■ What you are asked to do ■
Write the listing out again exactly as it stands, with no images.

■ Supplied information ■

··········

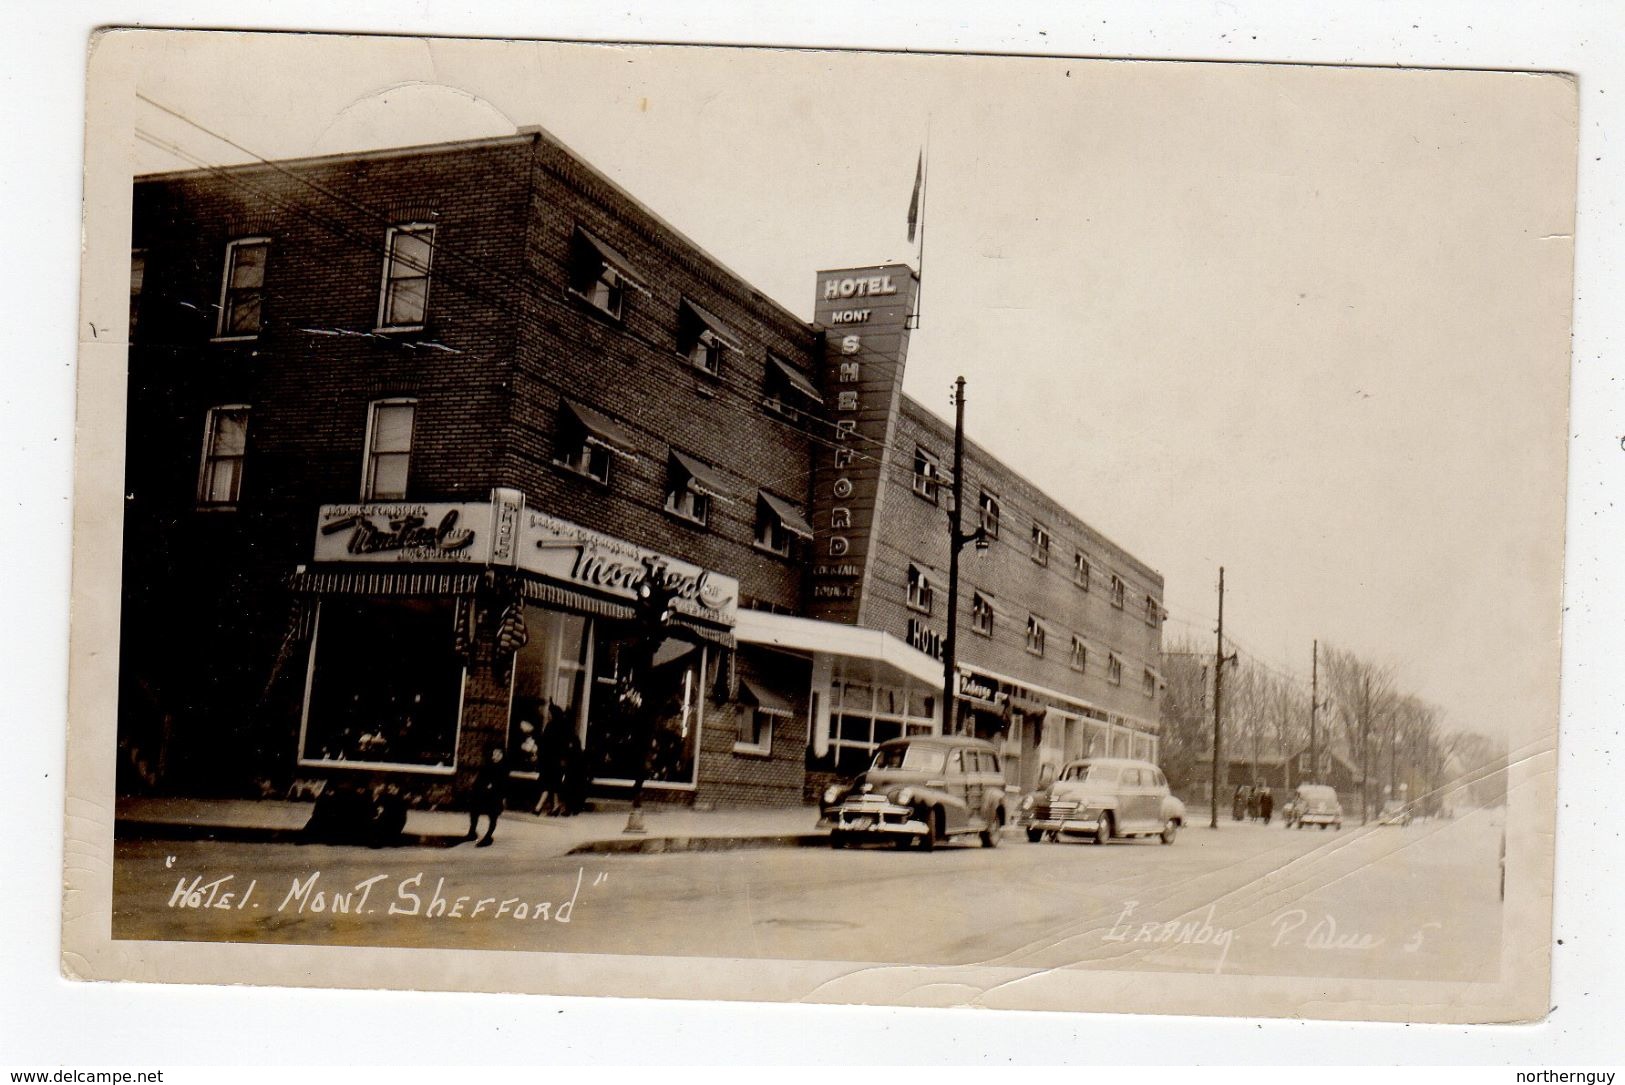 GRANBY, Quebec, Canada, Hotel Mont. Shefford, Montreal Shoe Store, 1959 RPPC - Granby
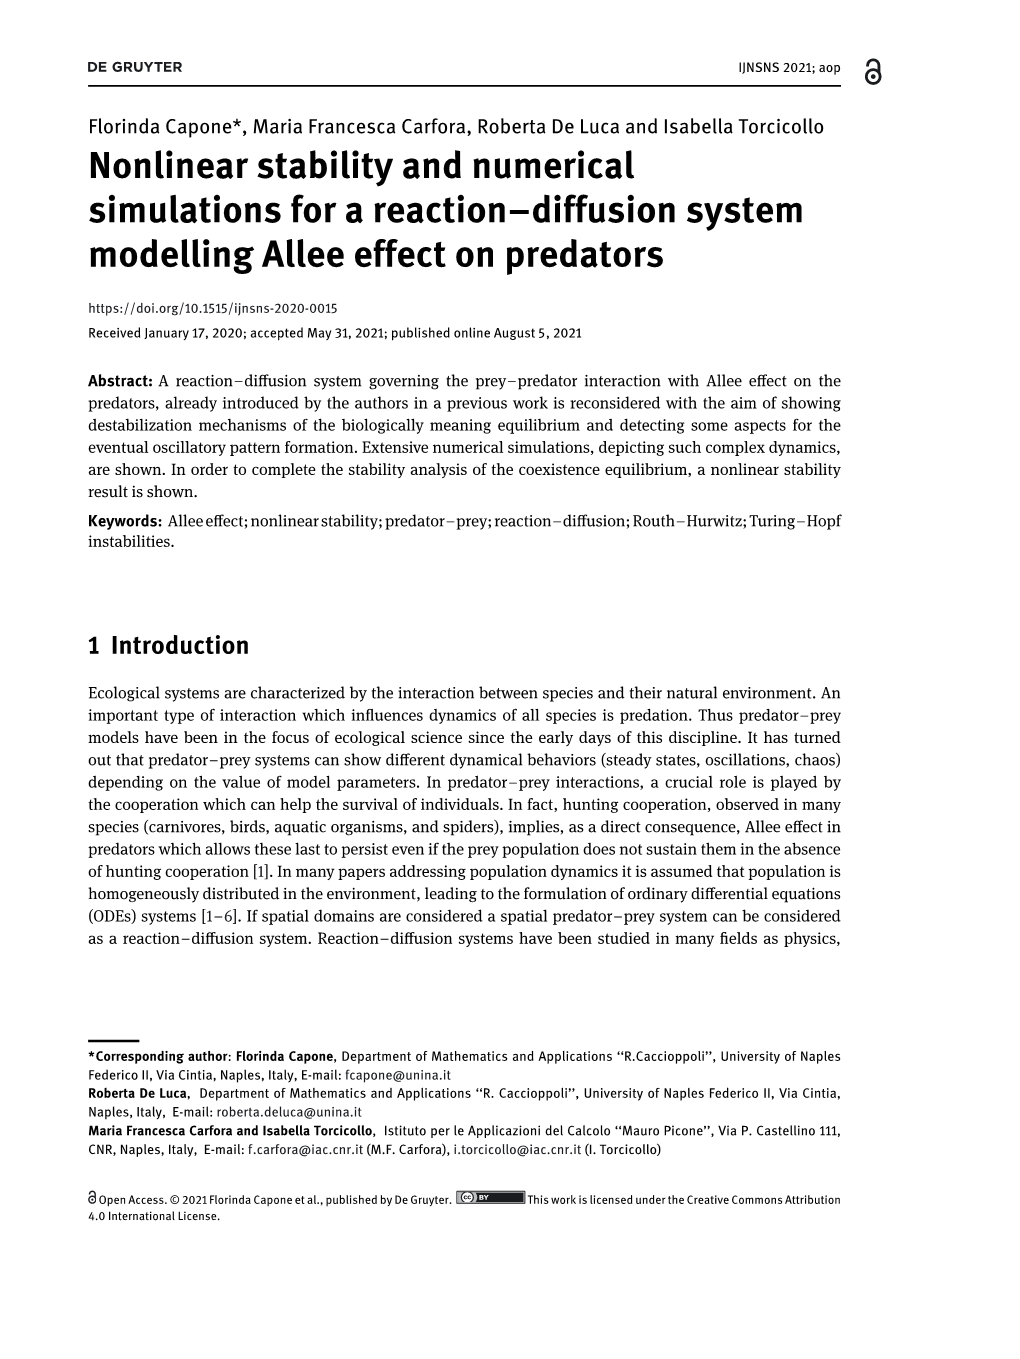 Nonlinear Stability and Numerical Simulations for a Reaction–Diffusion
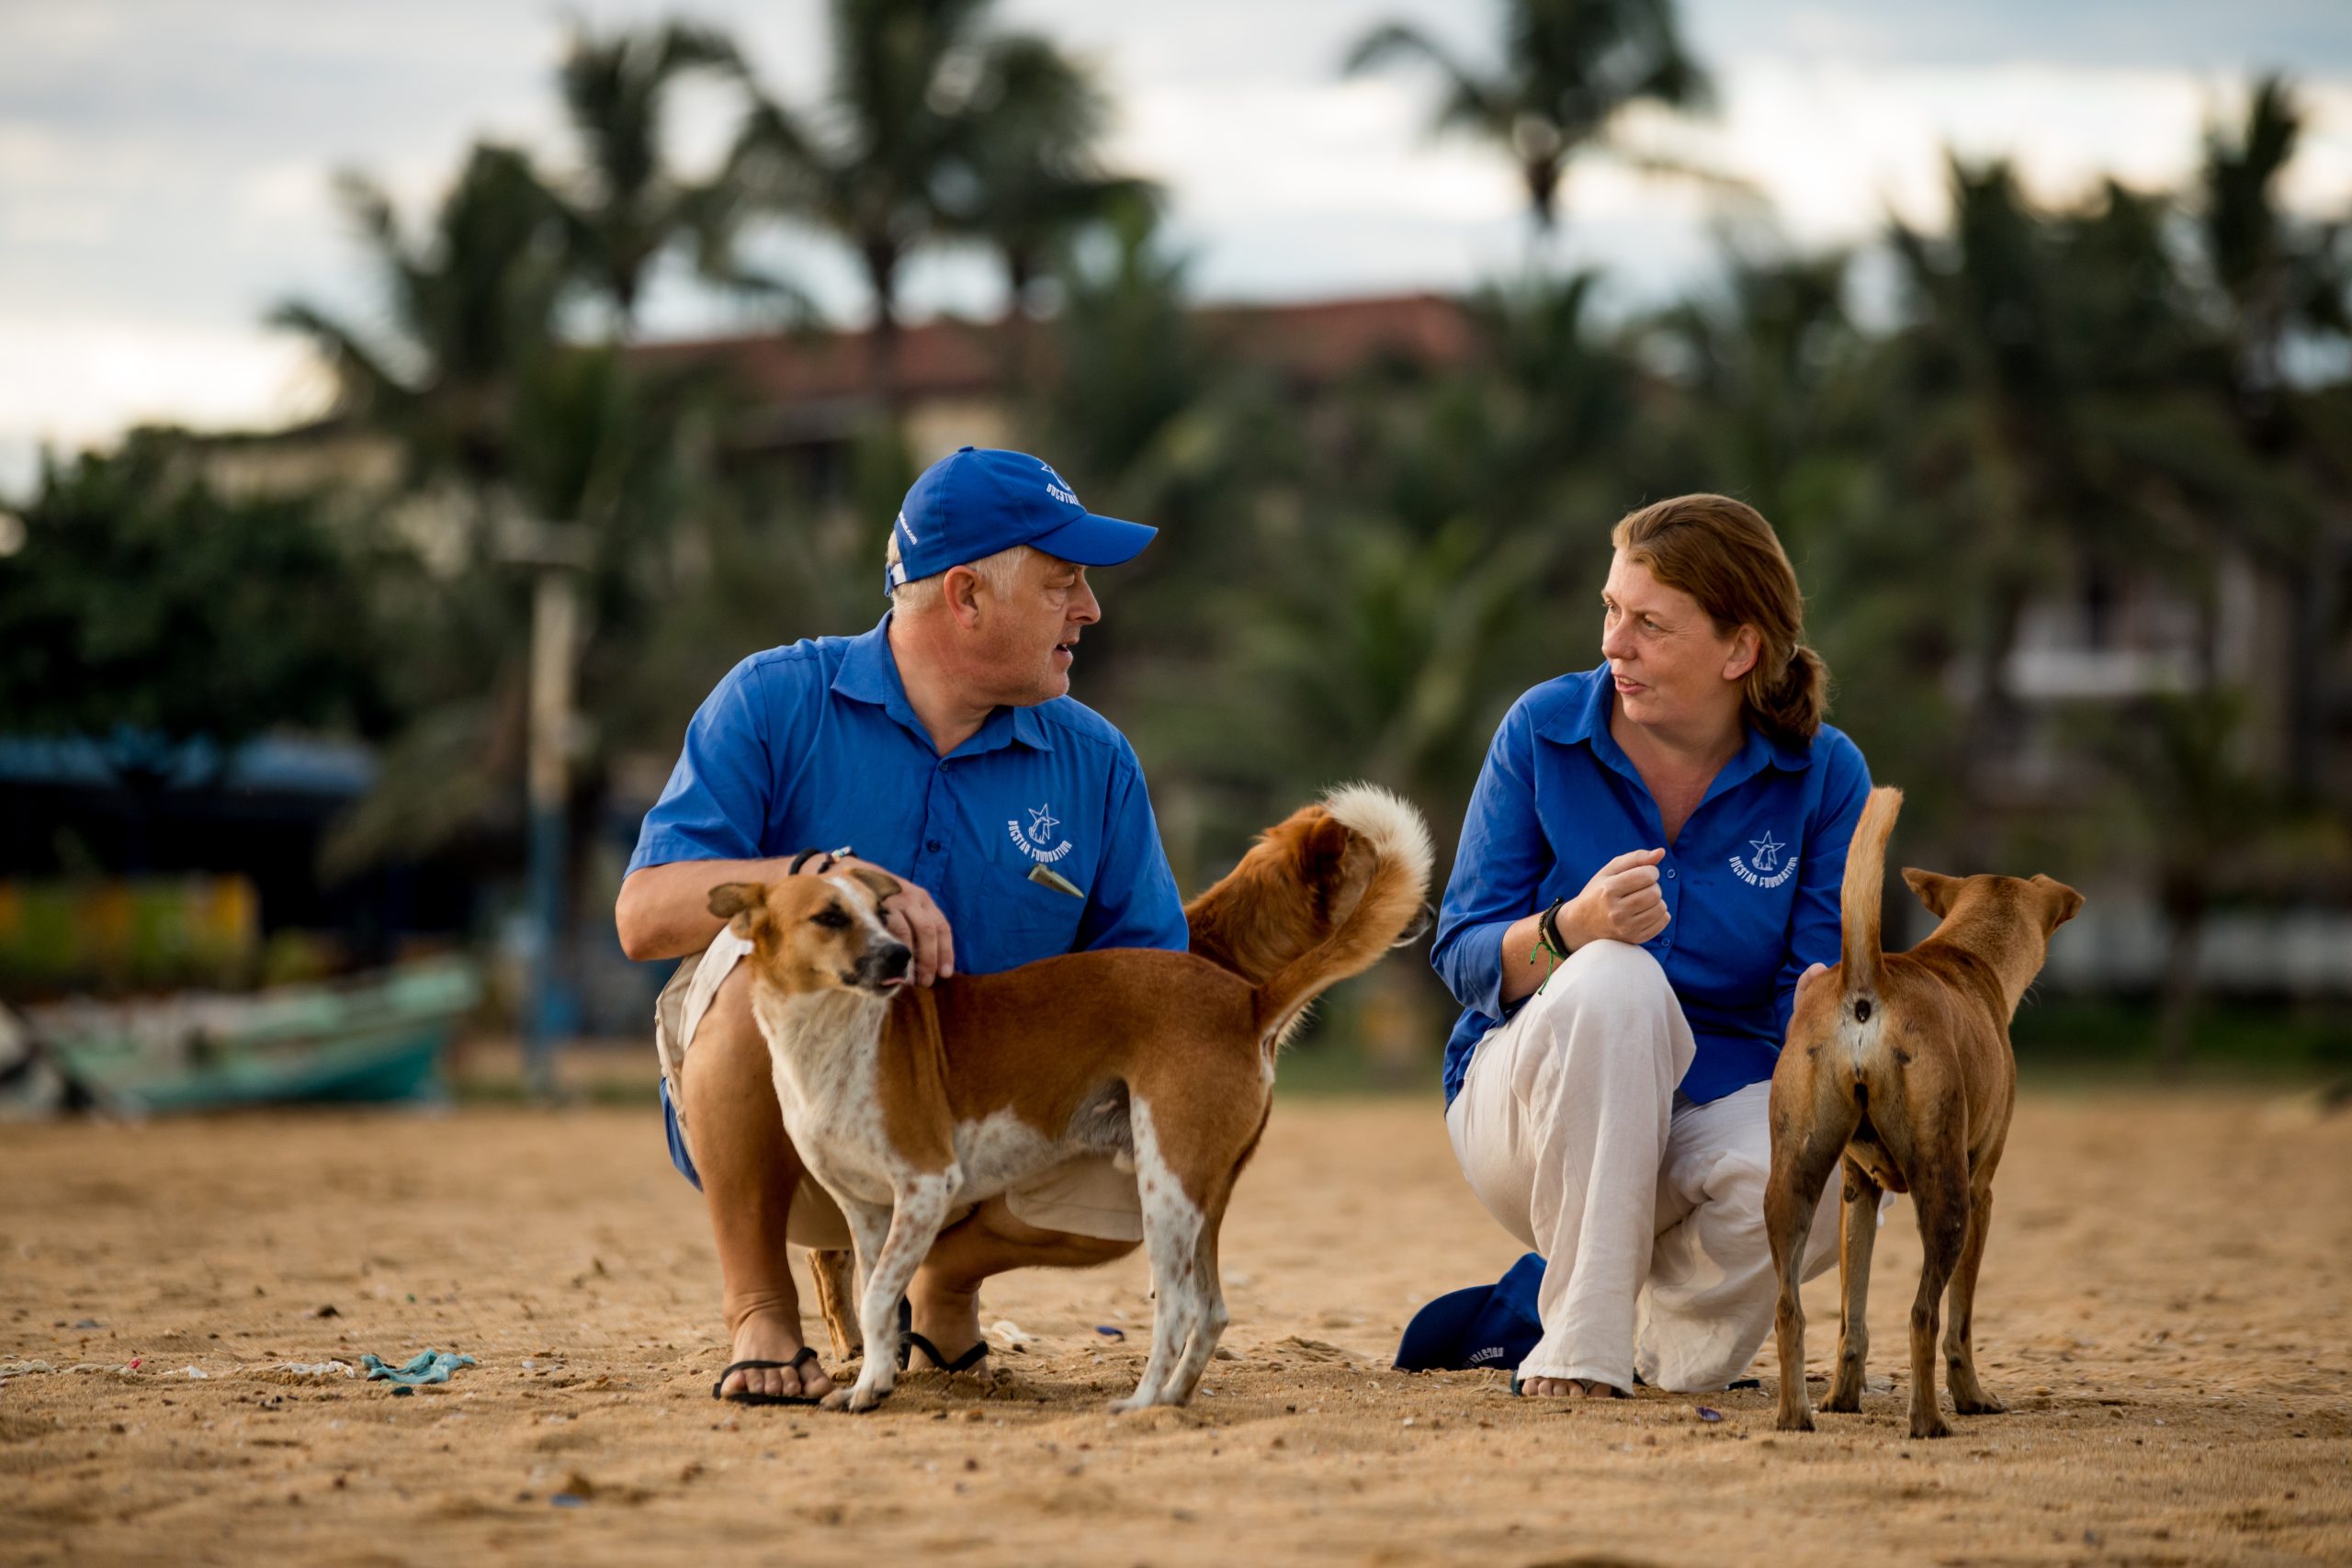 Dogstar's CEO and Deputy Director Sam and Mark kneeling down on the beach to tend to two street dogs.

··········

■ Answer section ■
 GRANBY, Quebec, Canada, Hotel Mont. Shefford, Montreal Shoe Store, 1959 RPPC - Granby
 Nonlinear Stability and Numerical Simulations for a Reaction–Diffusion
 Dogstar's CEO and Deputy Director Sam and Mark kneeling down on the beach to tend to two street dogs.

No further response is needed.